WHAT IS NEEDED: Only the stretch below from the line holding "Landyachtz_Frame_Sets_Play_Bikeplay-bike-jump" through the line holding "an introduction to" should be restated, word for word and with both ends included; pictures stay out.

TASK DATA:

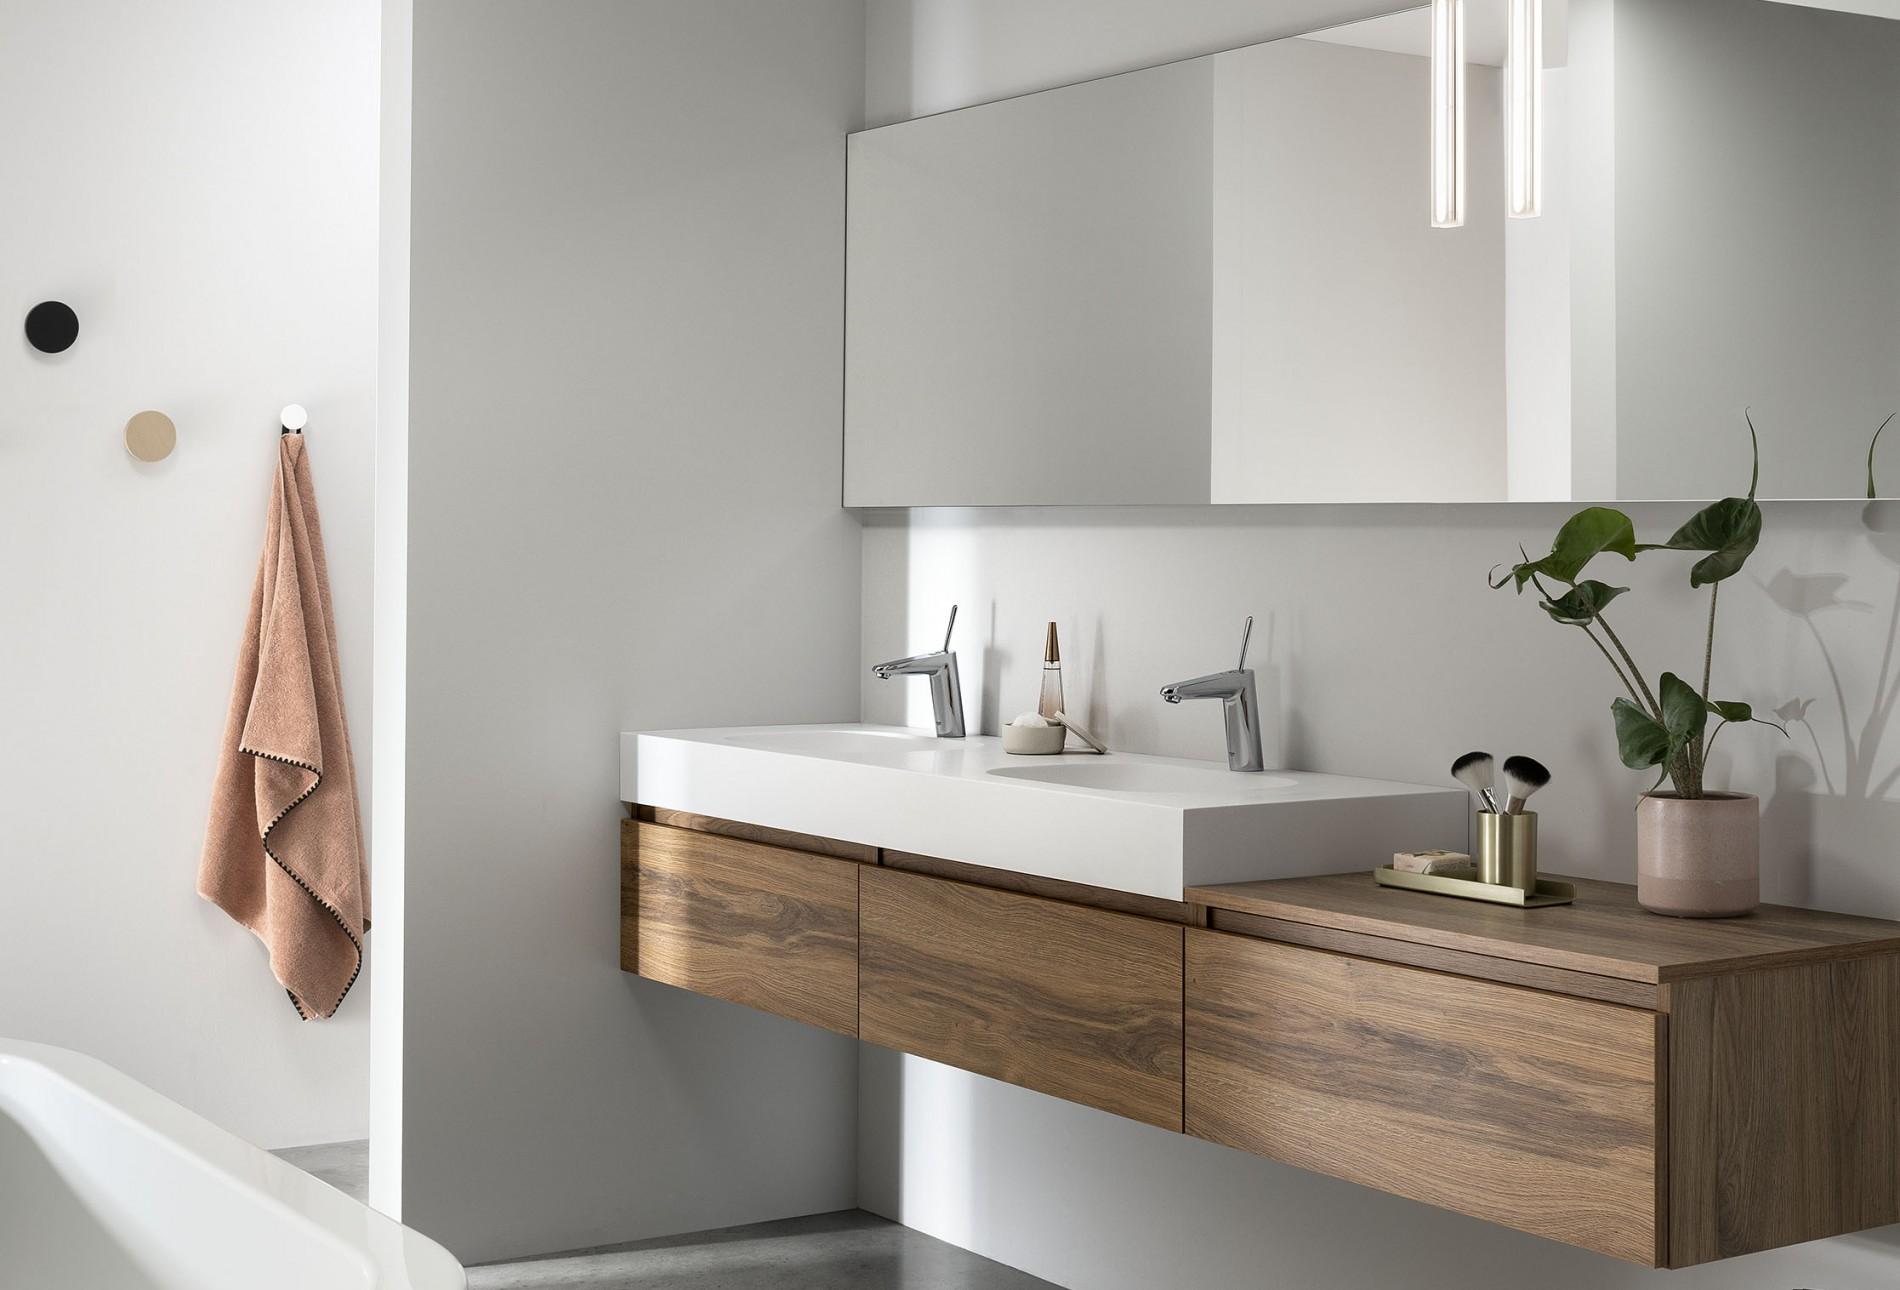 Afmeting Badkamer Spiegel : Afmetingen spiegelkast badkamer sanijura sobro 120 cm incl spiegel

==

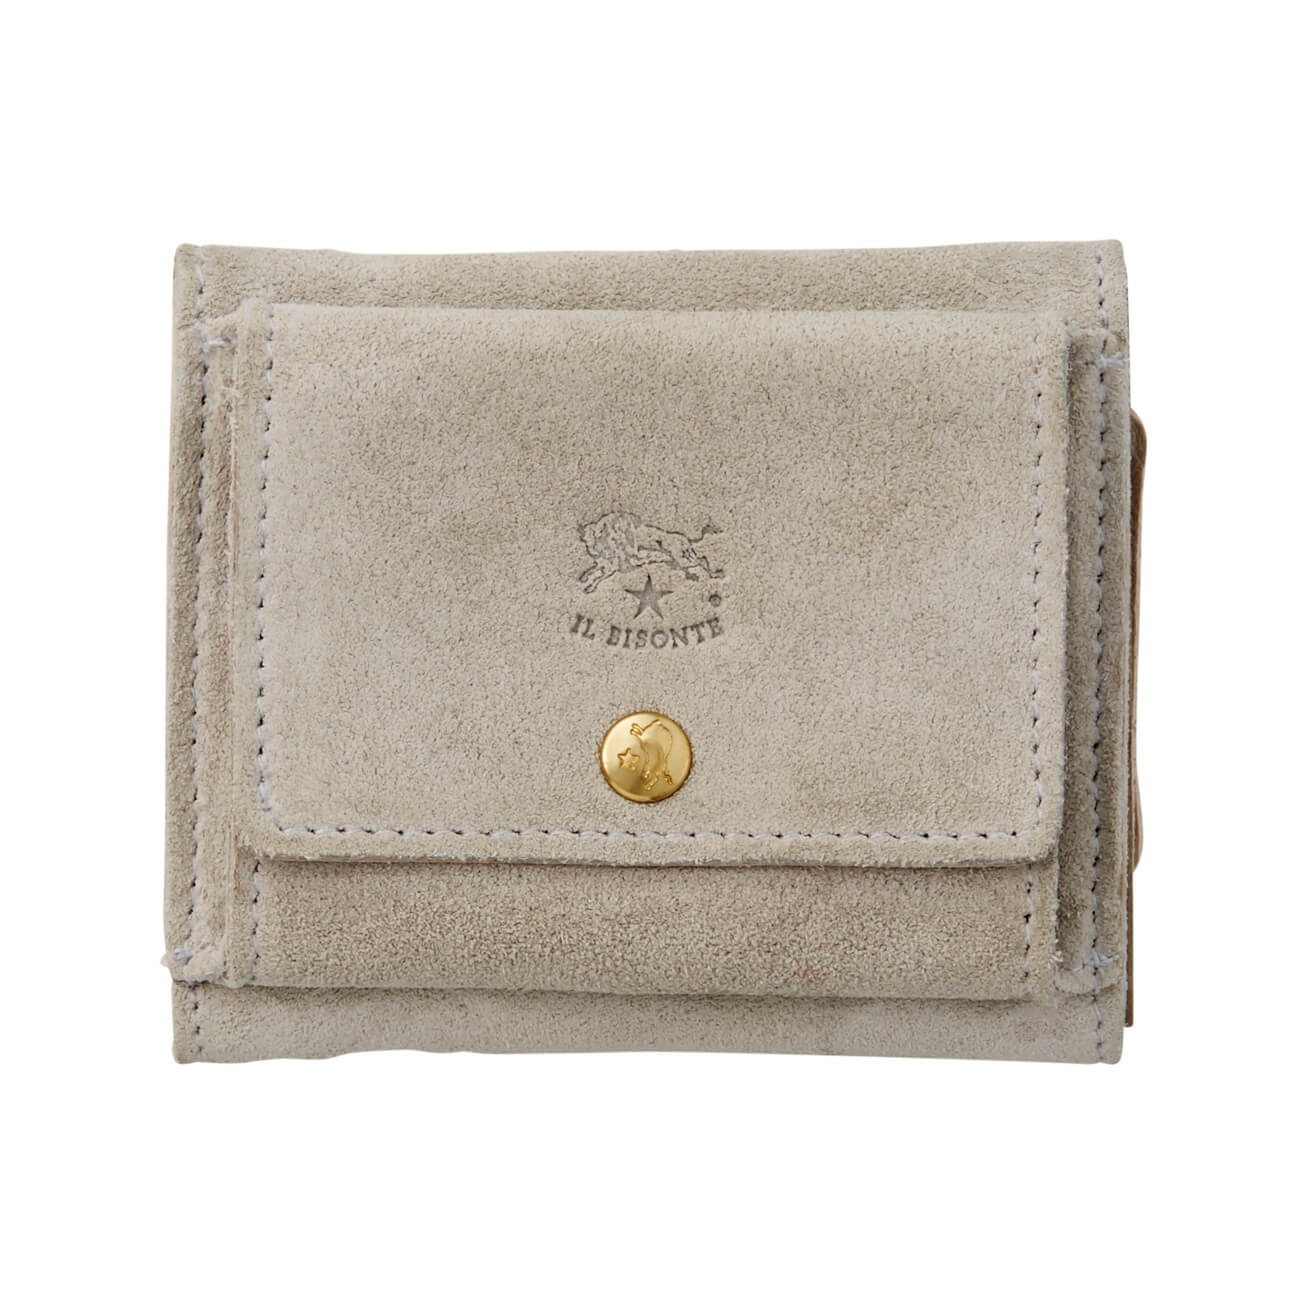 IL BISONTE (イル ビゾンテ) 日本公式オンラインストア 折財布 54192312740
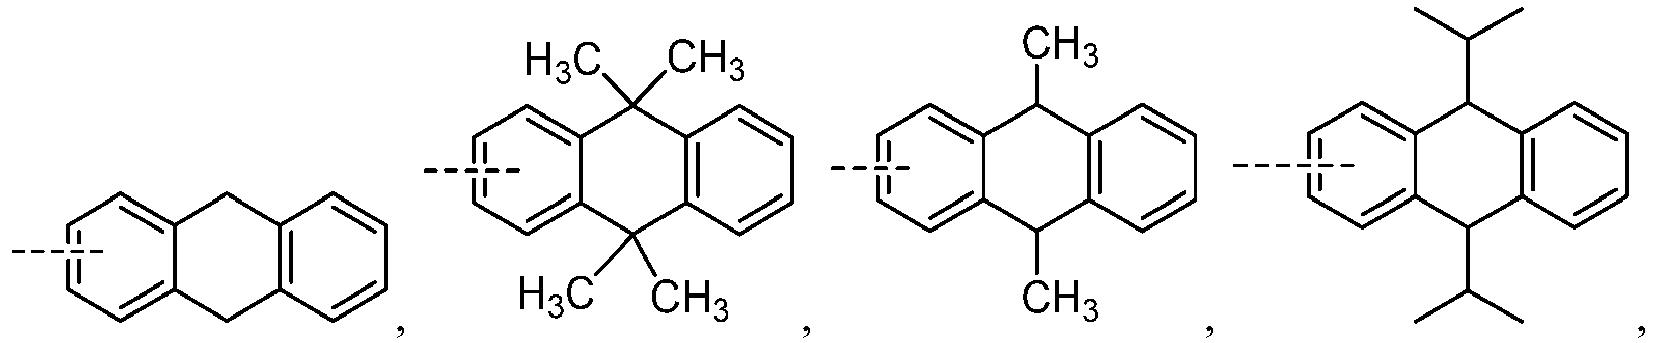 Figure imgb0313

==

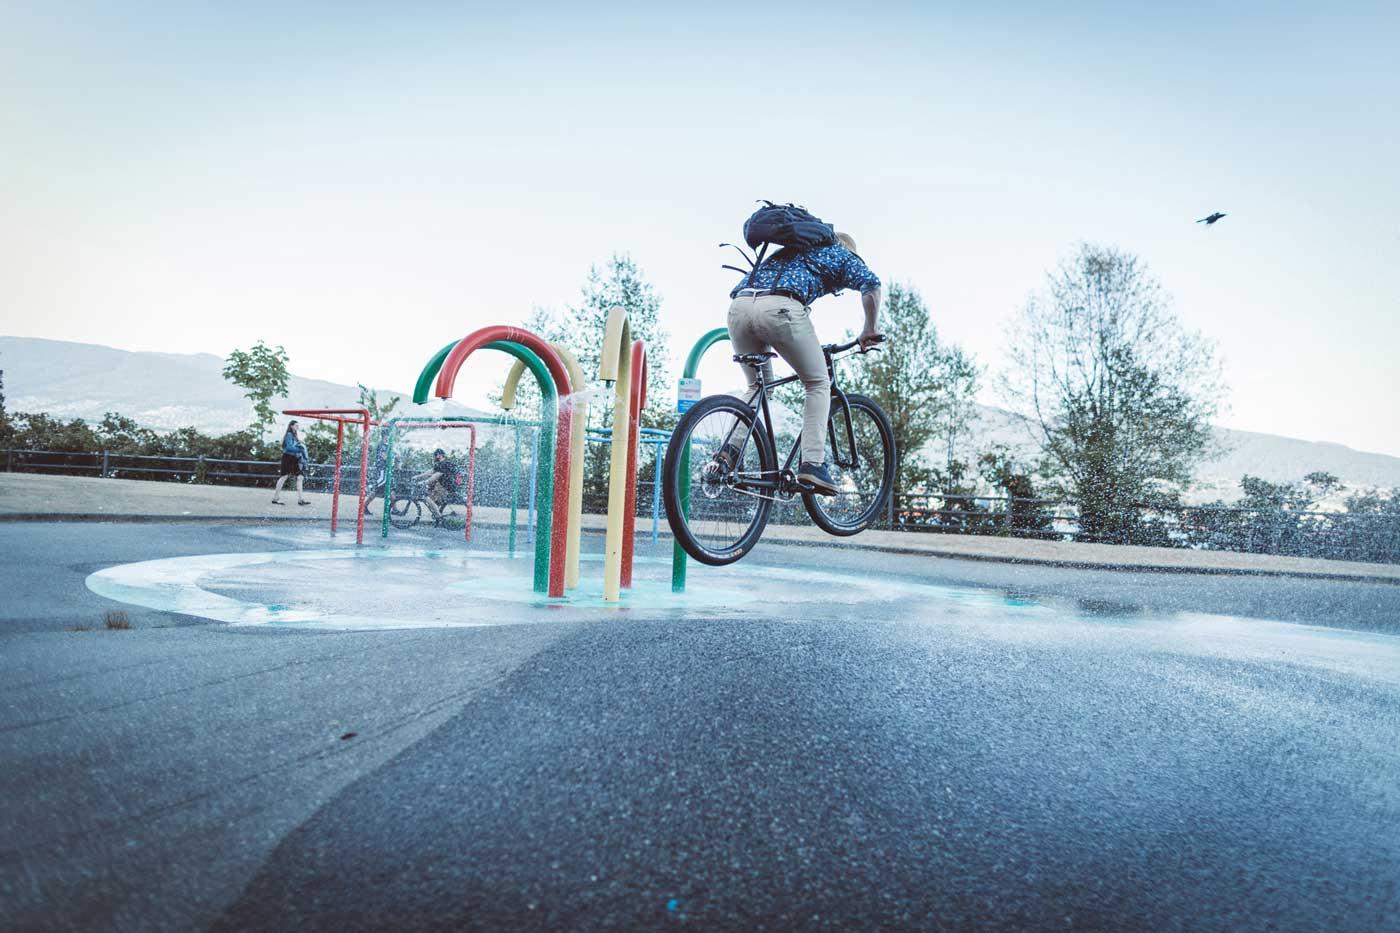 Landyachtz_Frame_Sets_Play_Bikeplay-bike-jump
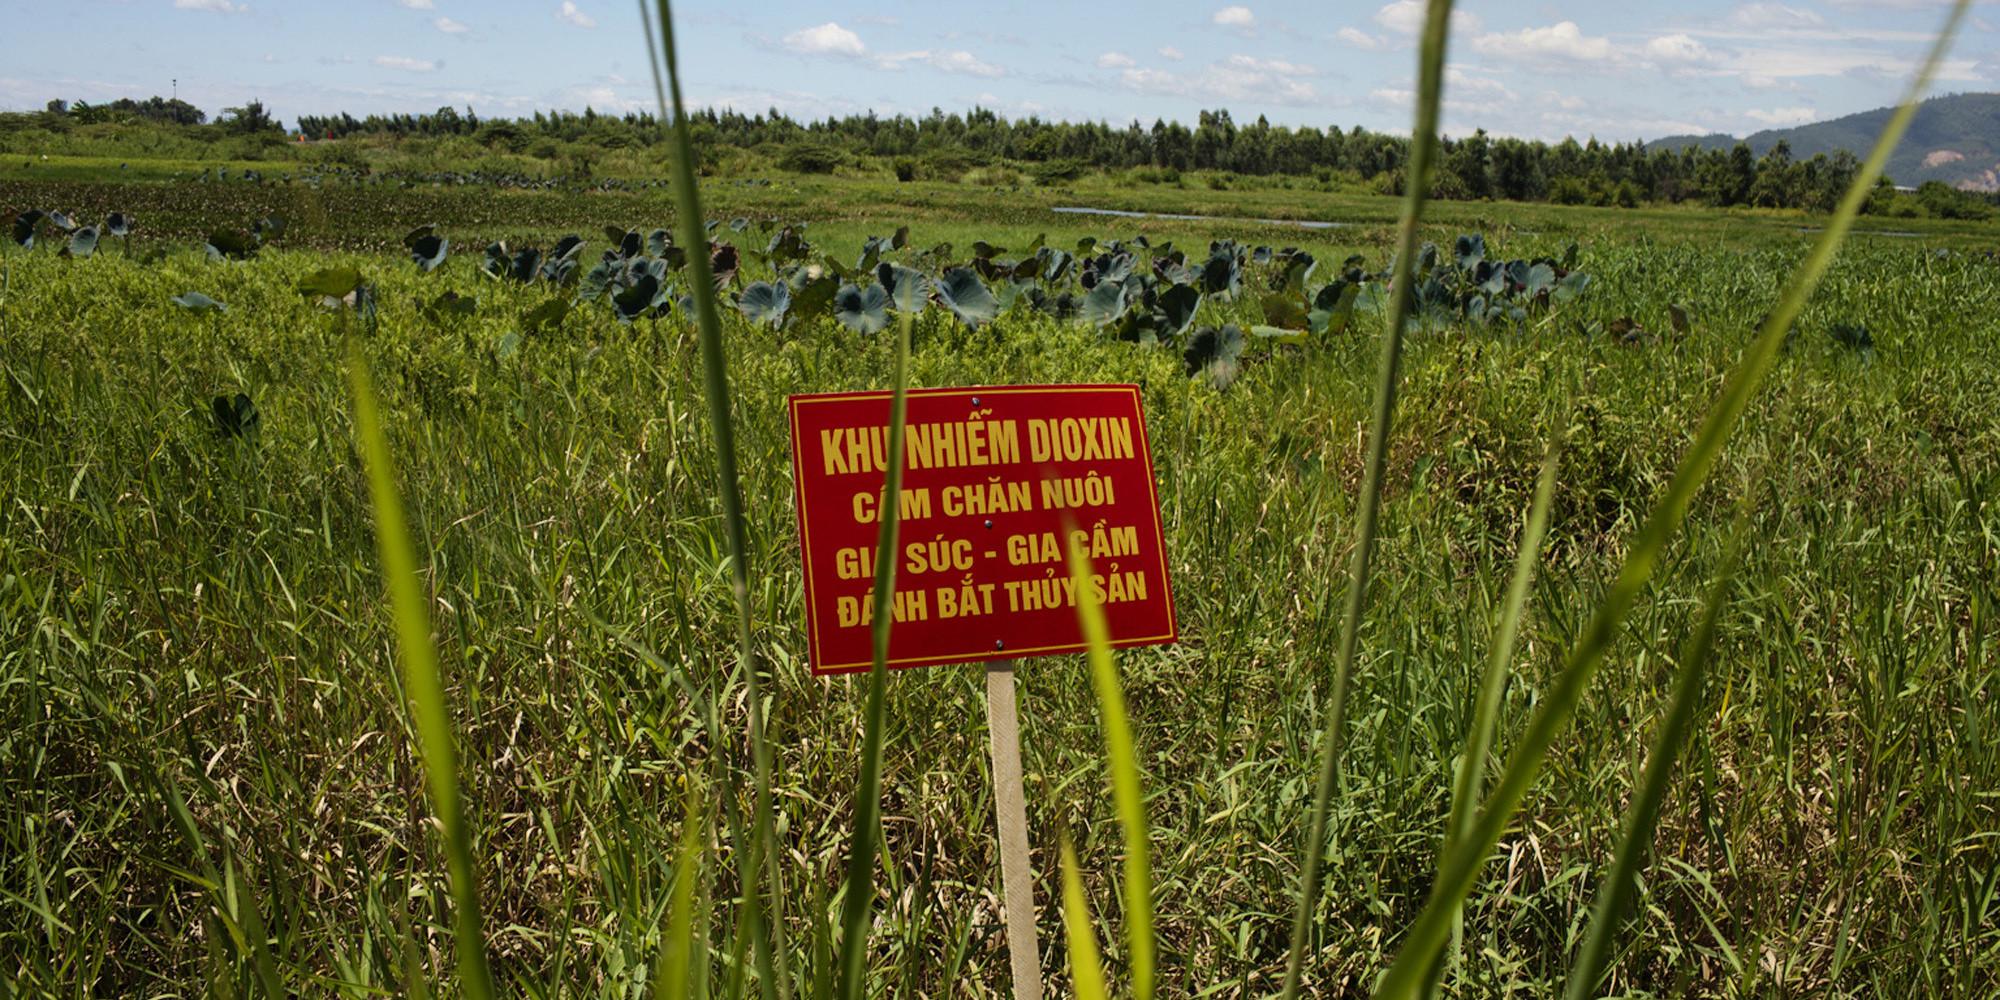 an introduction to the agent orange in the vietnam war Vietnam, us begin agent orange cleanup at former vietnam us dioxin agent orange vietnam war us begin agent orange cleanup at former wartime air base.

YOUR SOLUTION:
 Landyachtz_Frame_Sets_Play_Bikeplay-bike-jump
 an introduction to the agent orange in the vietnam war Vietnam, us begin agent orange cleanup at former vietnam us dioxin agent orange vietnam war us begin agent orange cleanup at former wartime air base.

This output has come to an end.